Data provided:

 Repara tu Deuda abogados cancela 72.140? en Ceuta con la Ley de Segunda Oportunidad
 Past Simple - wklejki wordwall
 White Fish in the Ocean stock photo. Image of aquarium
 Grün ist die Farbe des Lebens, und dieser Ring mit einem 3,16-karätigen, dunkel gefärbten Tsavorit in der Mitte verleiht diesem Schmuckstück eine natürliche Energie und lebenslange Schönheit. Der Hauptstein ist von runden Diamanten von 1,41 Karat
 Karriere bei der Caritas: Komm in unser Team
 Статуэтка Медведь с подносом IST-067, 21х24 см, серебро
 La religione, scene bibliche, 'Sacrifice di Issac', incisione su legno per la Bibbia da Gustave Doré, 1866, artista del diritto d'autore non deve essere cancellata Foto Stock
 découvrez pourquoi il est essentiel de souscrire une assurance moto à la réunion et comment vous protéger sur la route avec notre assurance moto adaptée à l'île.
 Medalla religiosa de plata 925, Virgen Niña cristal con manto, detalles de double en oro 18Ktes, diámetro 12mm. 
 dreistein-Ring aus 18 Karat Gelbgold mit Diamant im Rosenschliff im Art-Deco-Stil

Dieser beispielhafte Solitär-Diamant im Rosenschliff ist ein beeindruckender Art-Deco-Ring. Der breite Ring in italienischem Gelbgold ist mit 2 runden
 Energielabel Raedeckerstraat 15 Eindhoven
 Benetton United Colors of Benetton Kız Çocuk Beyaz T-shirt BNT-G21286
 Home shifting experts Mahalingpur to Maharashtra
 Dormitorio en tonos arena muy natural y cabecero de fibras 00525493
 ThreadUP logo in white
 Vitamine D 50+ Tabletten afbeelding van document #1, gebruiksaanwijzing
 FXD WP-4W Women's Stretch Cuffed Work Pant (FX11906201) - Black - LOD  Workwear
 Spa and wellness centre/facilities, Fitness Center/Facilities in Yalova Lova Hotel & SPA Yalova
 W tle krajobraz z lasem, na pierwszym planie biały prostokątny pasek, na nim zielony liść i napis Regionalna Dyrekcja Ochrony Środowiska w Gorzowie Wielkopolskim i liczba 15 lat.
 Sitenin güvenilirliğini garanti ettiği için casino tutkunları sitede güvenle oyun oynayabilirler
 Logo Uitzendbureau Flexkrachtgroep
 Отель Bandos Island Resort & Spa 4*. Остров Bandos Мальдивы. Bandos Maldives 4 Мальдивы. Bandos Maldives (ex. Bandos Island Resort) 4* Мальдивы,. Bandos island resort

What you have to do:
Restate each record exactly as written.

Response to this task:
 Repara tu Deuda abogados cancela 72.140? en Ceuta con la Ley de Segunda Oportunidad
 Past Simple - wklejki wordwall
 White Fish in the Ocean stock photo. Image of aquarium
 Grün ist die Farbe des Lebens, und dieser Ring mit einem 3,16-karätigen, dunkel gefärbten Tsavorit in der Mitte verleiht diesem Schmuckstück eine natürliche Energie und lebenslange Schönheit. Der Hauptstein ist von runden Diamanten von 1,41 Karat
 Karriere bei der Caritas: Komm in unser Team
 Статуэтка Медведь с подносом IST-067, 21х24 см, серебро
 La religione, scene bibliche, 'Sacrifice di Issac', incisione su legno per la Bibbia da Gustave Doré, 1866, artista del diritto d'autore non deve essere cancellata Foto Stock
 découvrez pourquoi il est essentiel de souscrire une assurance moto à la réunion et comment vous protéger sur la route avec notre assurance moto adaptée à l'île.
 Medalla religiosa de plata 925, Virgen Niña cristal con manto, detalles de double en oro 18Ktes, diámetro 12mm. 
 dreistein-Ring aus 18 Karat Gelbgold mit Diamant im Rosenschliff im Art-Deco-Stil

Dieser beispielhafte Solitär-Diamant im Rosenschliff ist ein beeindruckender Art-Deco-Ring. Der breite Ring in italienischem Gelbgold ist mit 2 runden
 Energielabel Raedeckerstraat 15 Eindhoven
 Benetton United Colors of Benetton Kız Çocuk Beyaz T-shirt BNT-G21286
 Home shifting experts Mahalingpur to Maharashtra
 Dormitorio en tonos arena muy natural y cabecero de fibras 00525493
 ThreadUP logo in white
 Vitamine D 50+ Tabletten afbeelding van document #1, gebruiksaanwijzing
 FXD WP-4W Women's Stretch Cuffed Work Pant (FX11906201) - Black - LOD  Workwear
 Spa and wellness centre/facilities, Fitness Center/Facilities in Yalova Lova Hotel & SPA Yalova
 W tle krajobraz z lasem, na pierwszym planie biały prostokątny pasek, na nim zielony liść i napis Regionalna Dyrekcja Ochrony Środowiska w Gorzowie Wielkopolskim i liczba 15 lat.
 Sitenin güvenilirliğini garanti ettiği için casino tutkunları sitede güvenle oyun oynayabilirler
 Logo Uitzendbureau Flexkrachtgroep
 Отель Bandos Island Resort & Spa 4*. Остров Bandos Мальдивы. Bandos Maldives 4 Мальдивы. Bandos Maldives (ex. Bandos Island Resort) 4* Мальдивы,. Bandos island resort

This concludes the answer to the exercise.